The Alzheimer’s Association is tackling another side of the disease. As the largest nonprofit funder of Alzheimer’s research, the Association is committed to advancing vital research toward methods of treatment, prevention and, ultimately, a cure. It’s also the leading voice for Alzheimer’s disease advocacy, fighting for critical Alzheimer’s research and care initiatives at the state and federal level. And, like HFC, the Association helps provide care and support for those affected by Alzheimer’s and other dementias with support groups, a 24/7 helpline (800.272.3900), and more.

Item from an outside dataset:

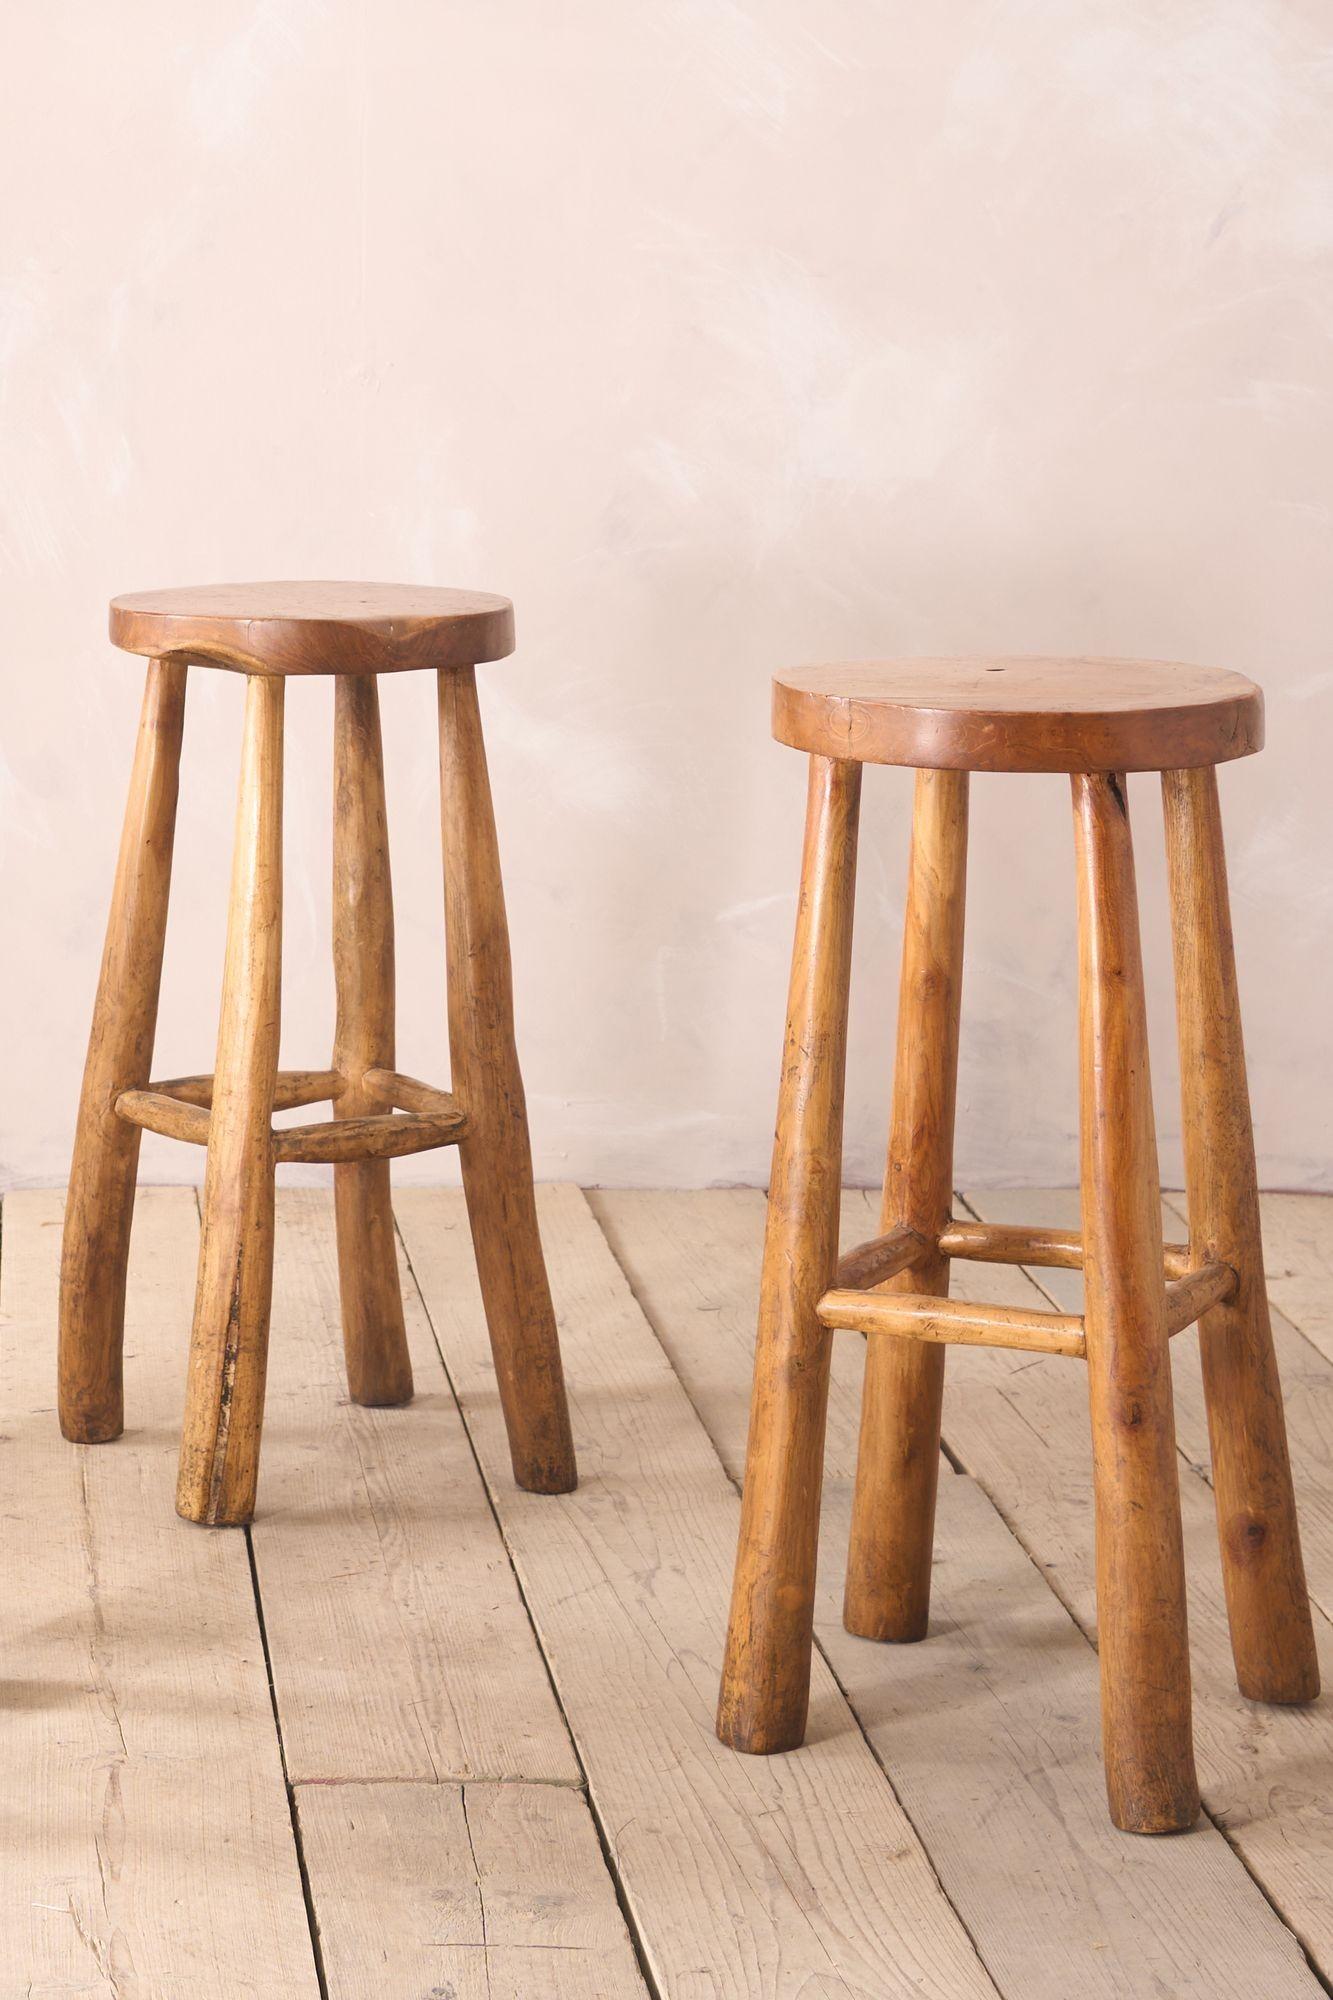 These are a great looking set of 4 Cherrywood bar stools. Most likely French in origin. The design is great with the irregular almost branch like legs. The tops have amazing patina and are tactile. The whole set is a stand out piece and are sure to
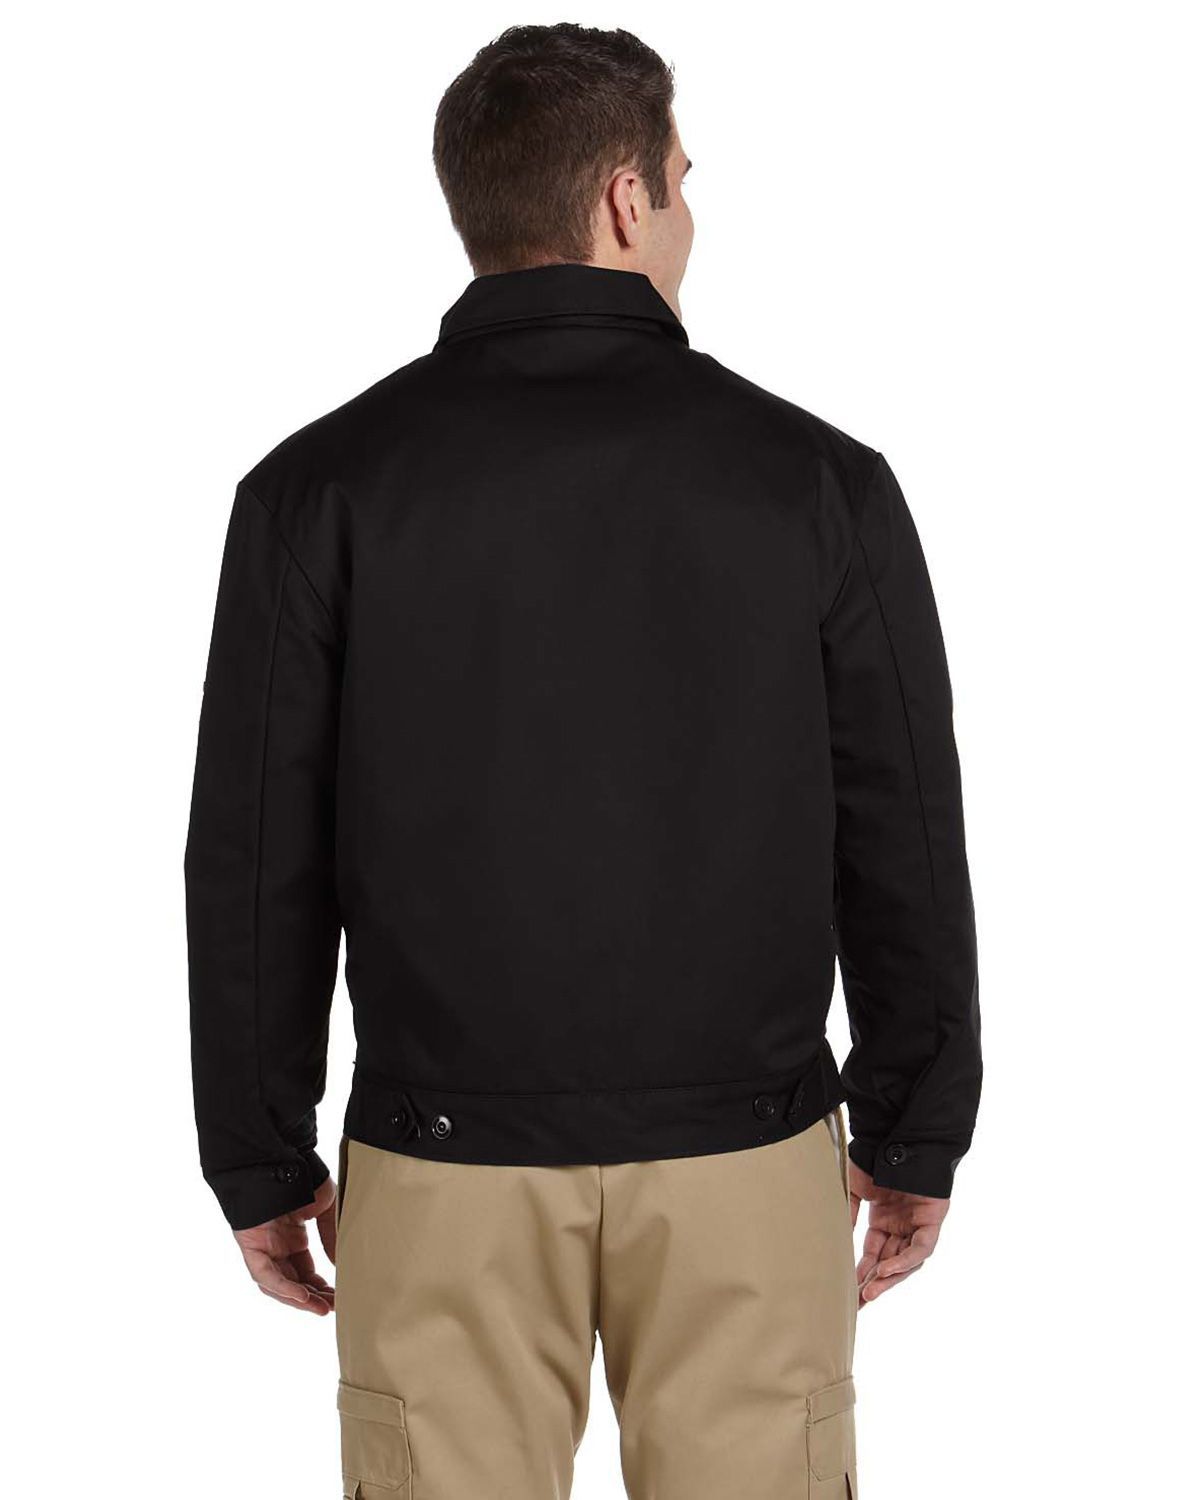 Dickies JT15 Lined Eisenhower Jacket - Shop at ApparelnBags.com

I know donating to nonprofits like this can feel like a drop in the bucket toward tackling a massive problem. But for my mom, for families like mine, for your grandparents and parents, and eventually for you and your kids and grandkids—every donation counts. Let’s make it rain and build a tsunami of funding to wipe this thing out for good. Nobody should have to suffer like my mom, and I have to believe treatment methods and a cure are out there, waiting for a team of neuroscientists to hit the jackpot. I’m happy to throw money at that if it means other families won’t have to walk this devastating path in the future. More life for everyone.
I’ve made the first donation toward my $10,000 fundraising goal (extended since we exceeded my initial $4,200 goal in 9 hours!). If you’d like to join me—in support of my NYC Marathon training, in support of my mom, in honor or memory of someone you love, as a big FUCK YOU to Alzheimer’s, or all of the above—please donate here.
If it’s not within your means to donate right now, I’m also accepting good vibes for a successful marathon training cycle and a beautiful NYC Marathon experience. Bonus points if you can manifest perfect running weather for me and approximately 49,999 other runners on November 5.
No matter how you show it, thank you, as always, for your support.
For me, 2023 is a year of pain and uncertainty. It’s also a year of endurance and resilience. I’m determined to feel all the feelings, the unimaginable lows and the euphoric highs—all the things that make up this singular human experience. I want to navigate it in a way that would make my mom proud. She’s the one who prepared me for this life. In honor of her, I refuse to drown.